The video clips of facial expressions of pain were taken from Lamm and colleagues (2007) and include only Caucasian expressions. This information has been made explicit in the revised version of the manuscript.

“We used a database of 44 videos of painful facial expressions from Lamm et al., (2007) depicting Caucasian actors wearing headphones and simulating painful reactions to a high pitch noise (see Figure 1).” (Methods, page 28, lines 20-22).

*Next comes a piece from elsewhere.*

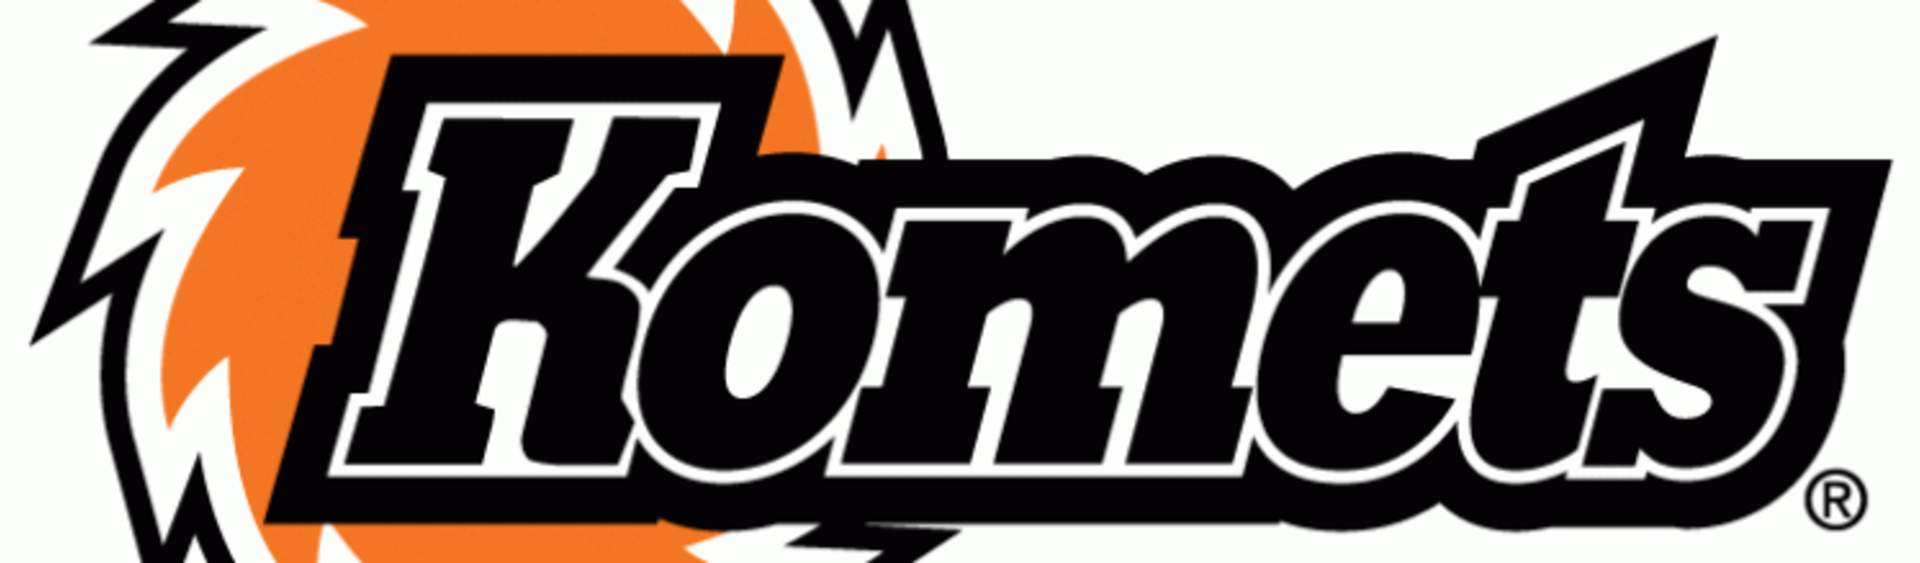 Alternate jersey concept for Fort Wayne Komets of the ECHL : r/hockey

Unfortunately, no data were collected about the racial composition of the participants. Therefore, we cannot test whether the ethnic concordance between the participants and the video-recorded people influenced the task performance. This has been acknowledgment in the portion of the Discussion section dedicated to the Limitations of the study.

“Yet, it is still possible that our results could have been influenced also by other factors untested in the present study. For instance, relevant missing information are the detailed educational level of Controls (including their year of enrollment at university) and participants’ ethnic group.” (Discussion, page 26, lines 4-7).

– It is not clear why medical students were the subjects of the study, rather than older more experienced physicians.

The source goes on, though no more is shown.